Press Room

Intervoice To Recess Today’s Annual Shareholders’ Meeting

Meeting to be recessed due to merger agreement with Convergys

DALLAS - July 16, 2008 - Intervoice, Inc. (NASDAQ: INTV) announced today that it intends to convene and then immediately recess its 2008 annual meeting of shareholders in light of the Company's entering into an Agreement and Plan of Merger with Convergys Corporation (NYSE: CVG).  The Company's Board of Directors believes it is in the best interest of shareholders to recess the meeting to permit the Company's shareholders to take into account the proposed Convergys transaction prior to voting on the election of the Company's directors.  No action regarding the transaction itself is expected at the reconvened meeting, and only the election of directors and the ratification of the Company's independent registered public accounting firm will be addressed.

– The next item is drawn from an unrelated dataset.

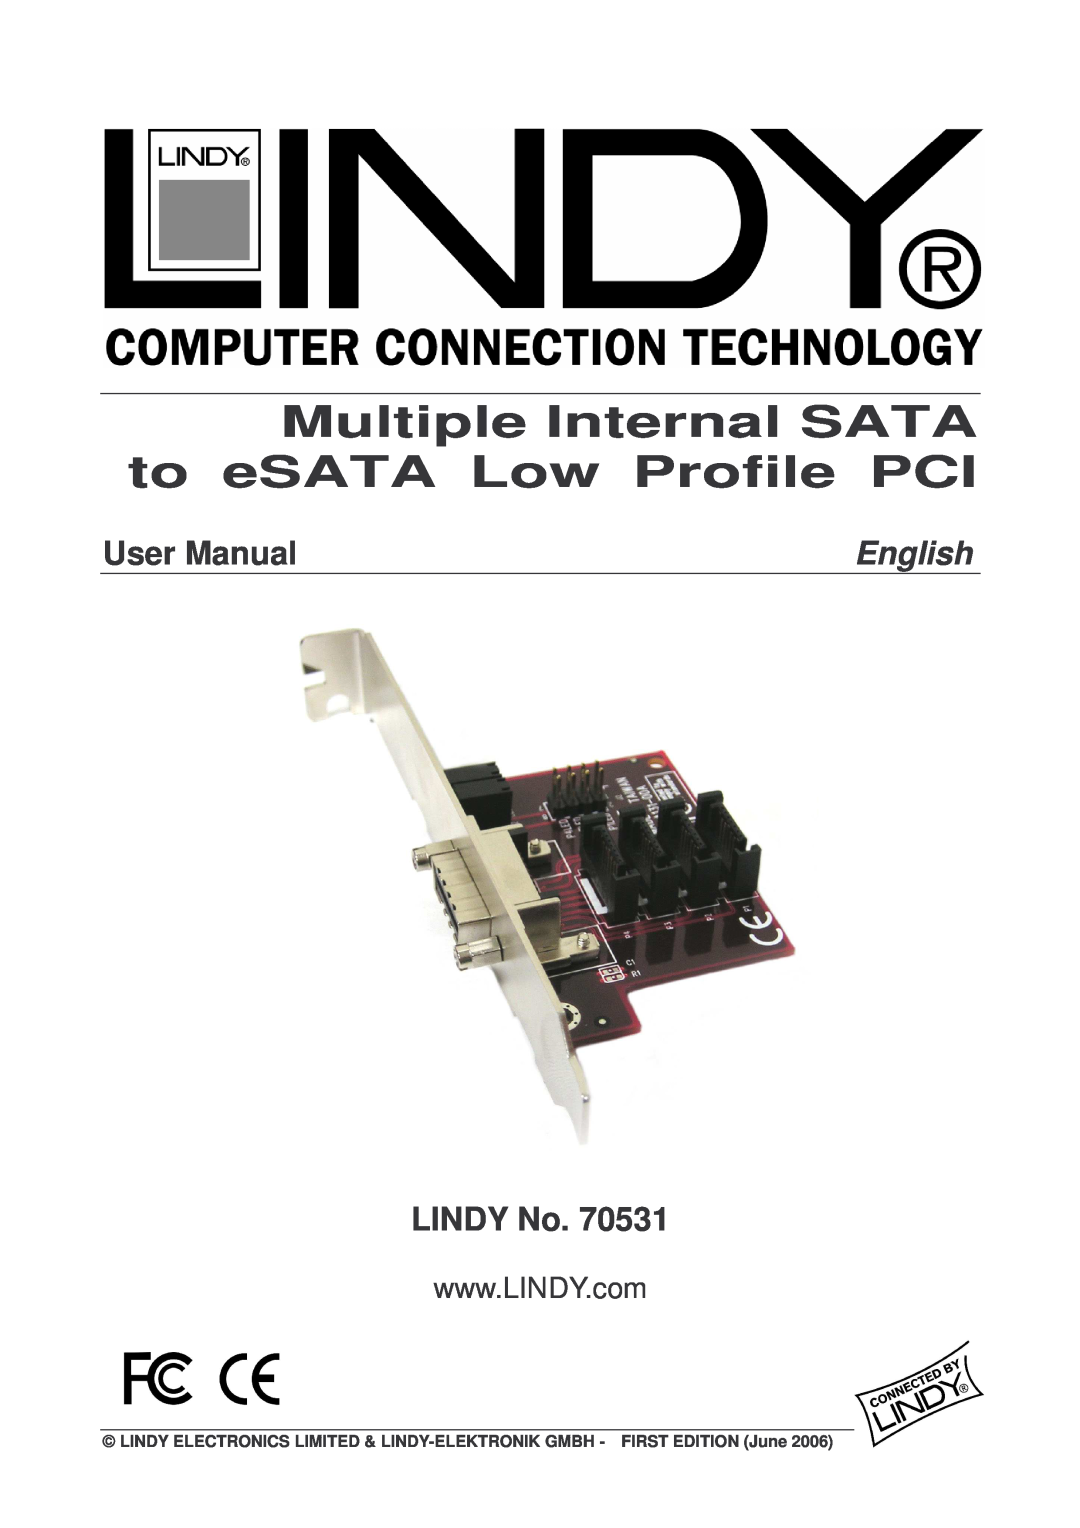 Lindy 70531 user manual LINDY No, Multiple Internal SATA to eSATA Low Profile PCI, User Manual, English 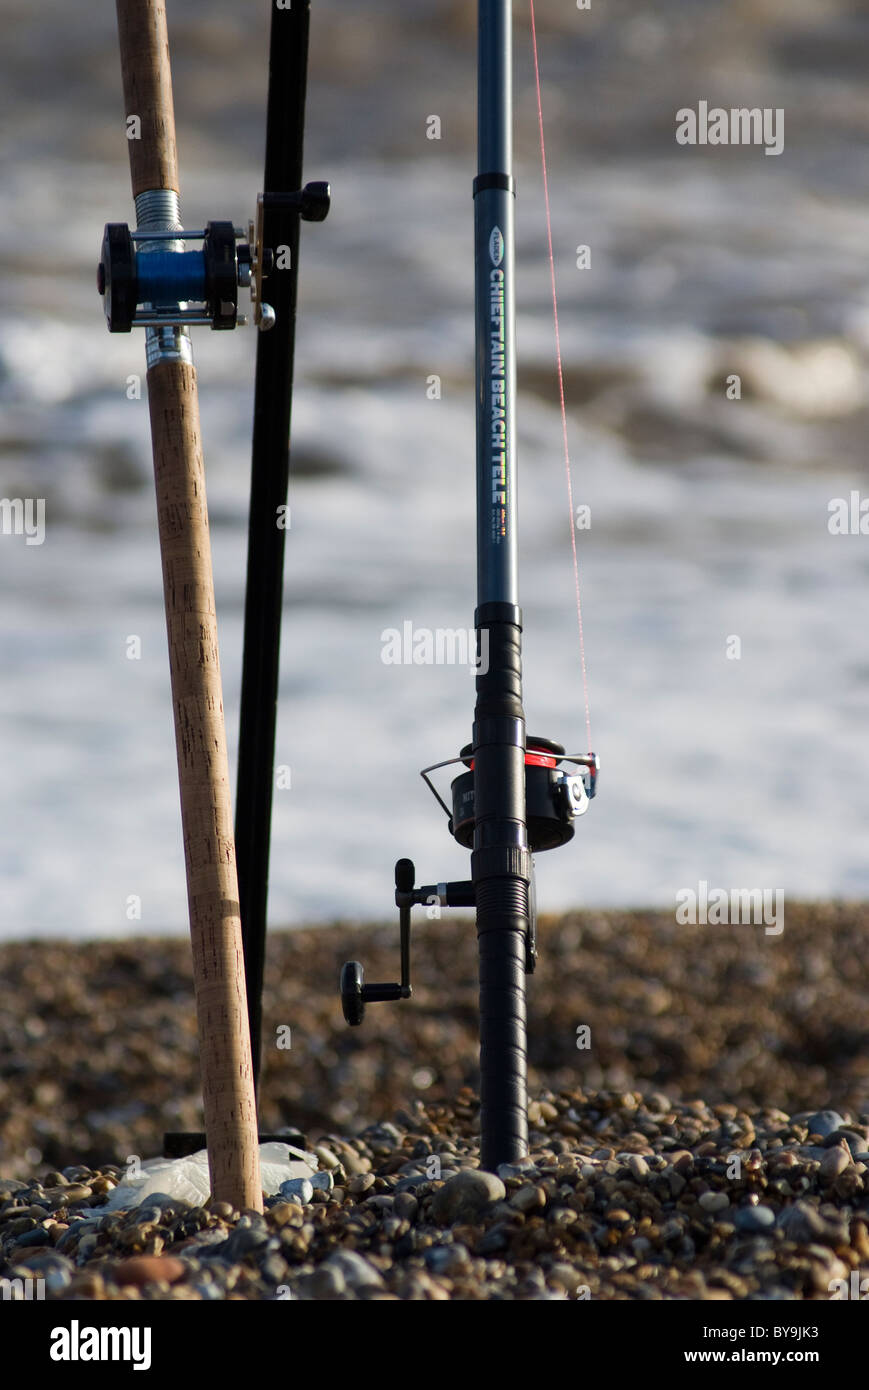 https://c8.alamy.com/comp/BY9JK3/sea-fishing-rods-on-beach-BY9JK3.jpg

The 2008 annual meeting is scheduled to take place at 10:00 a.m., local time today, at the Renaissance Hotel, 900 East Lookout Drive, Richardson, Texas  75082.  The Company intends to entertain a motion to recess the annual business meeting until July 28, 2008 at 10:00 a.m., local time, to be held at the offices of Fulbright & Jaworski L.L.P., 2200 Ross Avenue, Suite 2800, Dallas, Texas 75201.  The May 30, 2008 record date for shareholders entitled to vote at the 2008 annual meeting has not been changed.


About Intervoice
Intervoice is a world leader in delivering natural, intuitive ways for people to interact, transact and communicate.  Intervoice software and professional services enable innovative voice portal, IP contact center, hosted and mobile messaging and self-service applications.  More than 5,000 customers in 80 countries have relied on Intervoice, including many of the world's leading financial and healthcare institutions, telecommunications companies, utilities, and governments.  For more information, visit www.intervoice.com.

Important Information
This press release is neither an offer to purchase nor a solicitation of an offer to sell securities.  The tender offer for the outstanding shares of Intervoice common stock described in this press release has not commenced.  At the time the expected tender offer is commenced, Convergys will file a tender offer statement on Schedule TO with the Securities and Exchange Commission, and Intervoice will file a solicitation/recommendation statement with respect to the tender offer.  Investors and Intervoice shareholders are strongly advised to read the tender offer statement (including the offer to purchase, letter of transmittal and other offer documents) and the related solicitation/recommendation statement because they will contain important information.  When available, the offer to purchase, the related letter of transmittal and certain other offer documents, as well as the solicitation/recommendation statement, will be made available to all shareholders of Intervoice at no expense to them.  These documents will also be available at no charge on the Securities and Exchange Commission's website at
www.sec.gov.

Cautionary Statement Regarding Forward-Looking Statements
Intervoice has included in this press release certain "forward-looking statements" within the meaning of the Private Securities Litigation Reform Act of 1995, and Section 27A of the Securities Act of 1933, as amended, and Section 21E of the Securities Exchange Act of 1934, as amended, concerning its business and operations that are based on management's current beliefs.  All statements other than statements of historical fact in this press release are forward-looking statements.  Readers are cautioned to read the risks and uncertainties described in the Company's filings with the Securities and Exchange Commission, including without limitation, the risks and uncertainties set forth under Item 1A "Risk Factors" in the Company's Annual Report filed on Form 10-K and Quarterly Reports filed on Form 10-Q.  There are also risks associated with the transaction with Convergys Corporation announced on July 16, 2008.  These factors include, but are not limited to, the timing and completion of an all cash tender offer for the outstanding shares of the Company; the ability to complete the tender offer and subsequent merger on the terms contemplated; the anticipated impact of the acquisition on the Company's operations and financial results and risks that the proposed transaction disrupts current plans and operations of the Company.  Further information concerning those risks will be included in the Company's filings with the Securities and Exchange Commission in response to the tender offer.  Intervoice cautions current and potential investors that such risks and uncertainties could result in material differences from the forward-looking statements in this press release, and investors should not place reliance on forward-looking statements as a prediction of future results.  We undertake no obligation to update or revise any forward-looking statement.